Question

PHP will automatically convert

<input type="text" name="foo[0]" value="x" />
<input type="text" name="foo[1]" value="y" />

into

$_POST['foo'] = array(
    0 => 'x', 
    1 => 'y'
);

Which is what you want most of the time. However, in this case I would like this not to happen. Is there anyway to tell PHP to not do this?

I realize I could parse php://input myself, but I'd rather not do that if I can avoid it.

I also don't have the option of renaming the input names.

Was it helpful?

Solution

By using the brackets [] you explicitly tell PHP to create an array, just don't use the brackets:

<input type="text" name="foo_0" value="x" />
<input type="text" name="foo_1" value="y" />

The fields will be available in the $_POST array as $_POST['foo_0'] and $_POST['foo_1'].

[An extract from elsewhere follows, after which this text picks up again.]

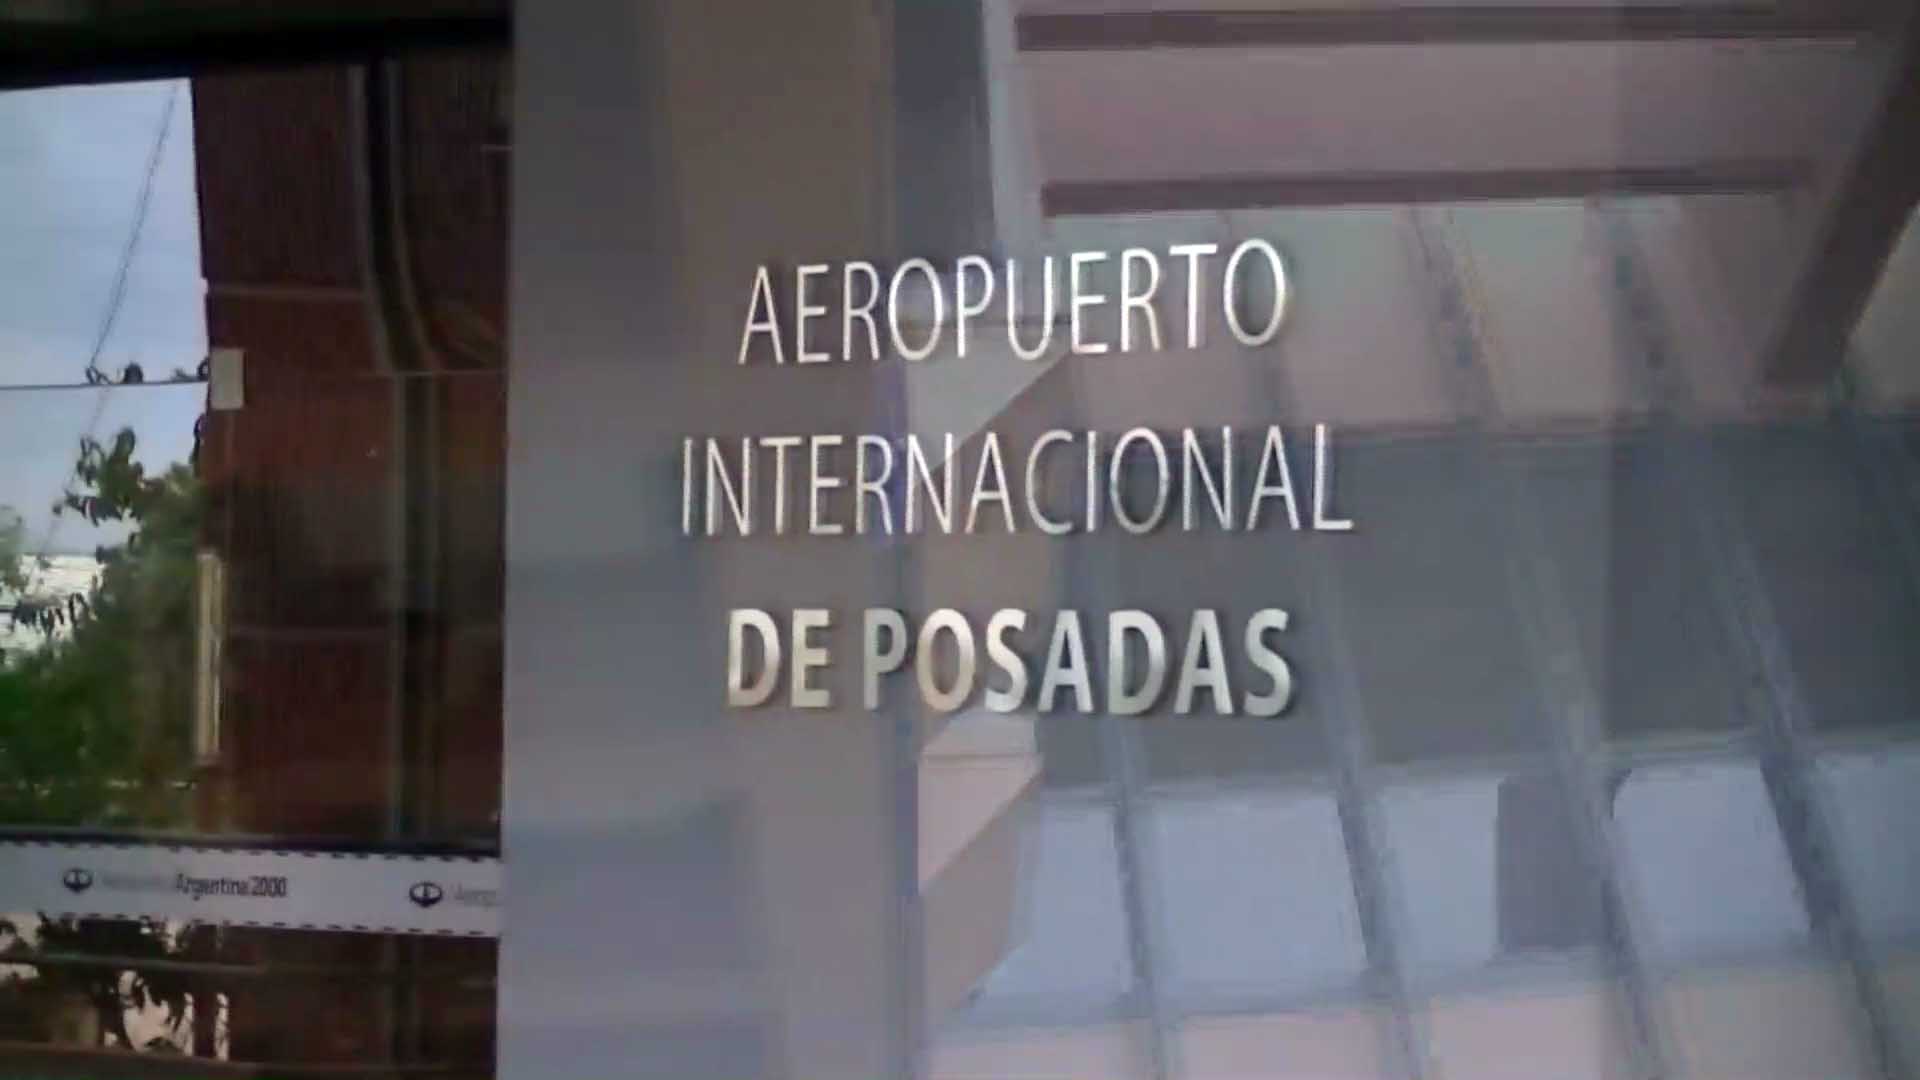 El aeropuerto de Posadas contará con nuevos instrumentos de navegación  
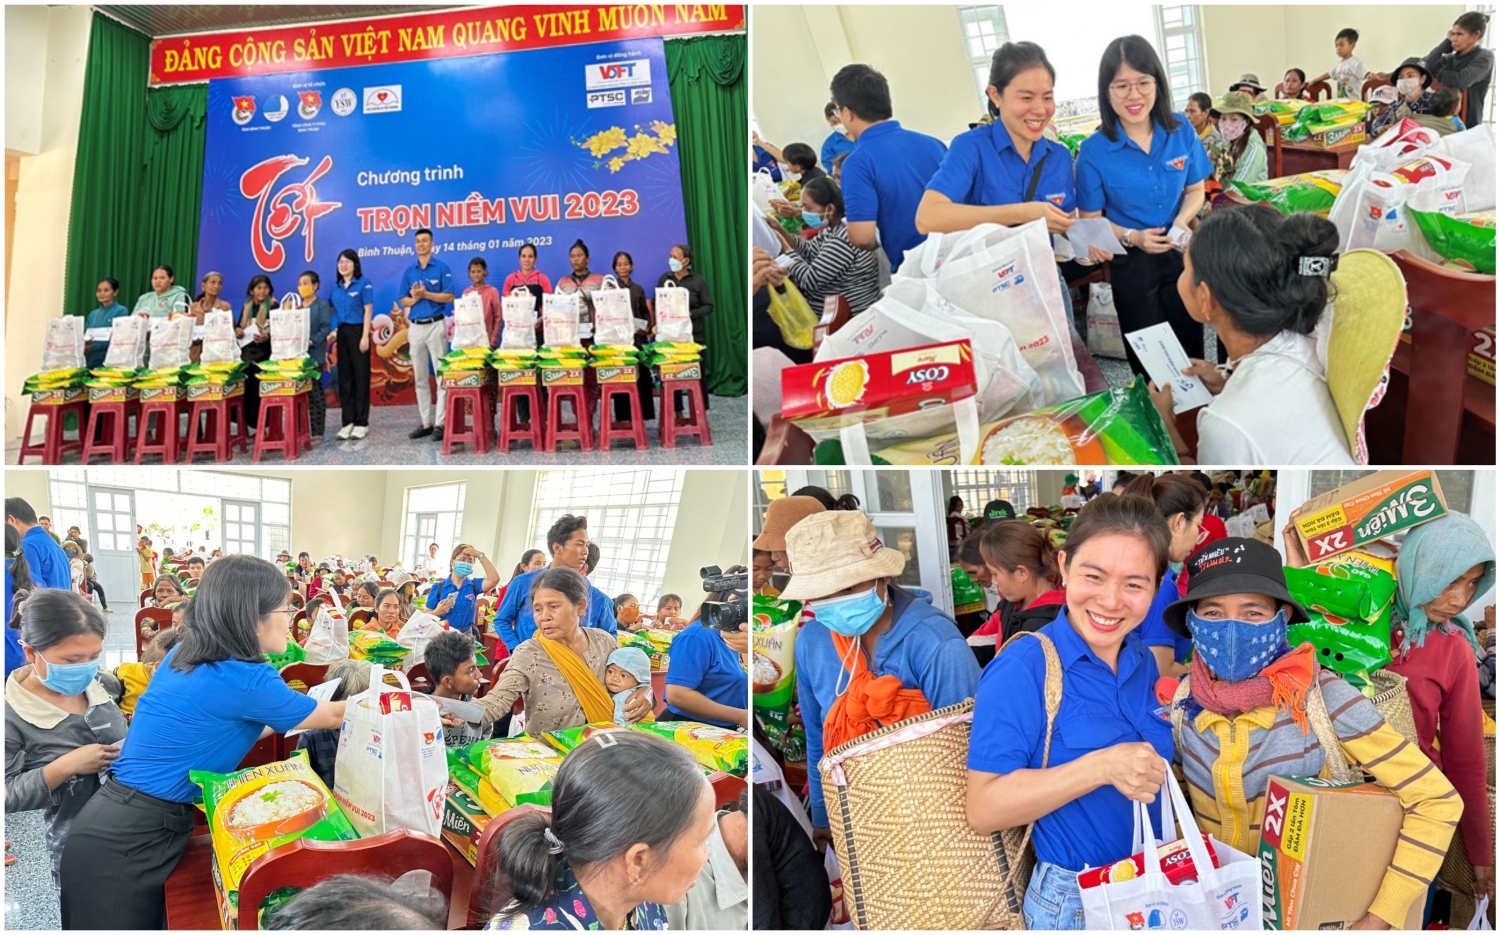 Tuổi trẻ PTSC mang “Tết trọn niềm vui 2023” đến Ninh Thuận và Bình Thuận

If you don't have influence on the markup (which is weird, since you could always change them client side) you need to flatten the array.

$post = array();

foreach ($_POST as $key => $value) {
    if (!is_array($value)) {
        $post[$key] = $value;
    } else {
        foreach ($value as $foo => $item) {
            $post[$foo] = $item;
        }
    }
}

Or read some great input on array flattening.

OTHER TIPS

I don't think you can disable this feature without recompiling php.

I want to warn you about reconstructing the original variable names by walking the multi dim array. You can't fully reconstruct the names because php renames certain characters. For example, php doesnt allow certain characters in a top-level array key in $_POST/$_GET/etc... and so it replaces the char with an underscore. This makes it impossible to differentiate between a.b a b a[b as they all show up as a_b. In addition, there's longstanding bugs related to parsing the array syntax of request variables that causes this behavior. Here's a bug report I filed a few years ago https://bugs.php.net/bug.php?id=48597 which is unlikely to ever be fixed.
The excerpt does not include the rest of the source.